When I’m going through hardship my mind often returns to the cloud-of-witnesses image, and I think about the people I know who’ve been through unimaginable challenges and have come out on the other side. For example, I think of my good friends Kirsten and Jason. In August of 2015, they lost their firstborn son Caleb during childbirth. Their anguish was profound. And yet so was their faith. Seeing them grow closer to one another, closer to their community, and closer to God through the painful process of grief has inspired my faith beyond anything I’ve personally experienced up to this point. Last month, they welcomed their beautiful and healthy son Asher into the world. Thinking of Kirsten, Jason, and baby Asher gives me encouragement to remain faithful through my own trials.
I know I’m not alone in my reliance on my cloud of witnesses.

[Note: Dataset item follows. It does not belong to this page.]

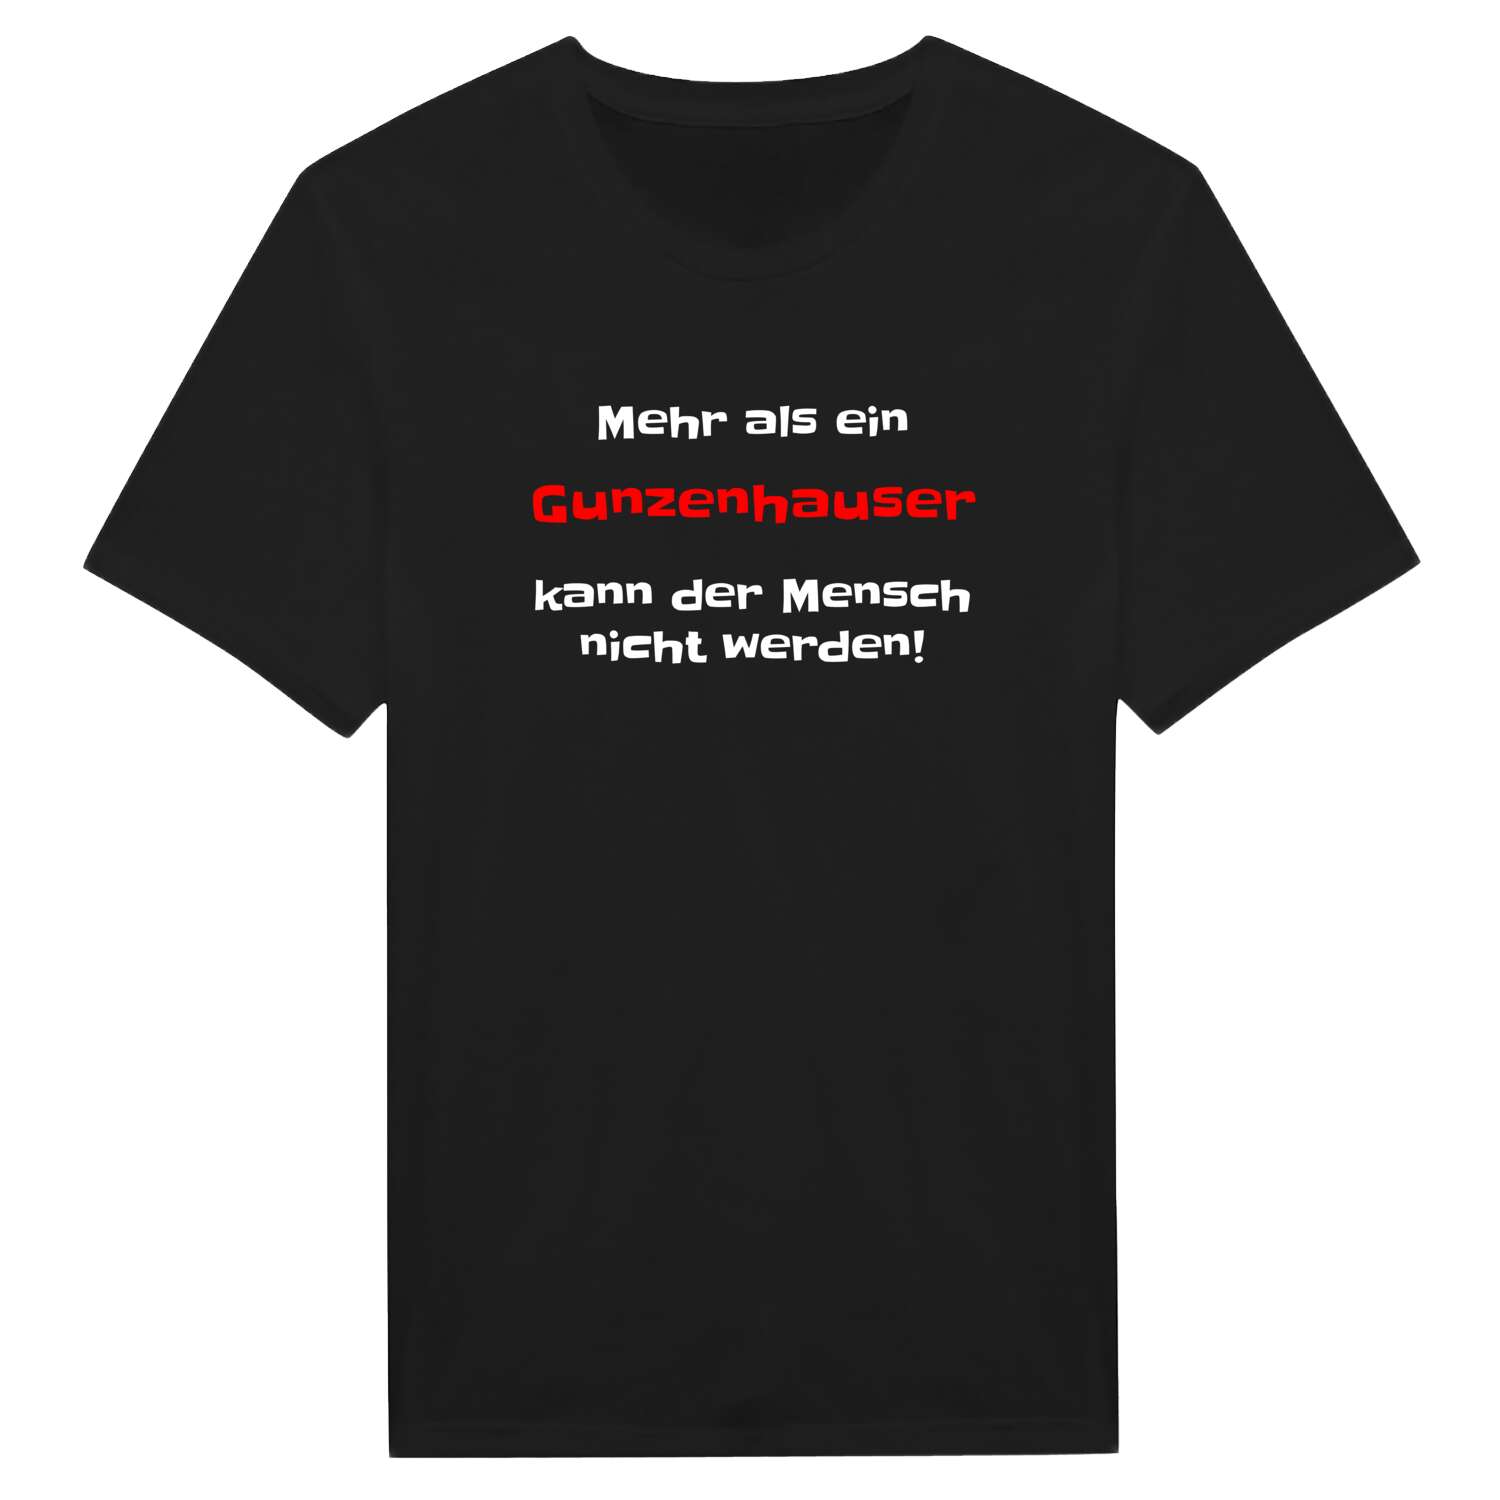 Gunzenhaus T-Shirt »Mehr als ein«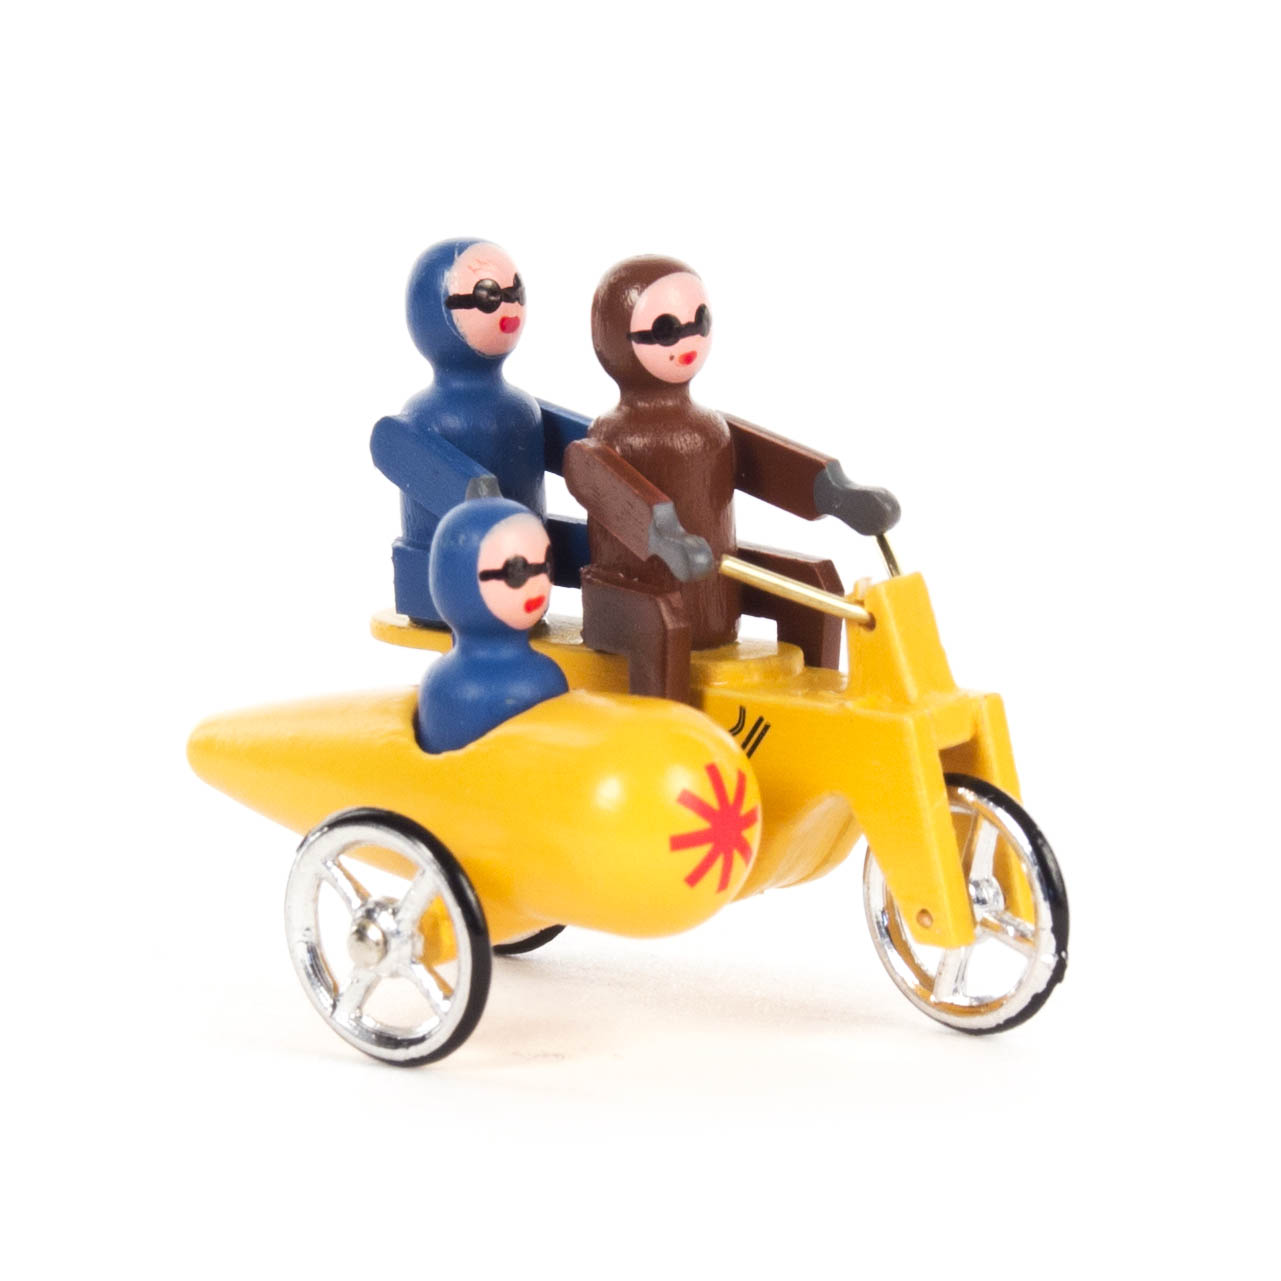 Miniatur Motorrad gelb, Doppelsitzer mit Seitenwagen im Dregeno Online Shop günstig kaufen

Last month I attended an International Women’s Day event where one of the speakers shared the power of heritage in her own life. The mother of four boys, she was a victim of domestic violence that she kept a secret from everyone. One day she reflected on her grandmother’s life. In the 1920s, her grandmother was a young married woman of color with young children. However, she was unhappy in her marriage and longed for independence. She decided to leave her husband, daring to take on the stigma of divorce and the hardship of single parenthood. Reflecting on her grandmother’s strength gave the speaker the courage to leave her abusive husband and create a better life for her and her sons.
Just like the Women’s Day speaker became braver after meditating on the bravery of her grandmother, I believe that our cloud of witnesses – whether bonded by blood or friendship or faith – can make us braver, too. Knowing that my ancestors, both distant and recent, were people of faith can influence my faith, too. I can choose to add empowering stories and characters to my cloud of witnesses. As I run the race of life, I believe looking backward to these witnesses is a powerful way to follow forward.
What about you? How does your knowledge of your heritage and the experiences of your family influence your identity?
This is the first in a series of blog posts I’ll be writing about my heritage as I seek to understand, as my pastor says, who I am and whose I am. I’d love to hear your thoughts on this and future posts, and thanks for reading!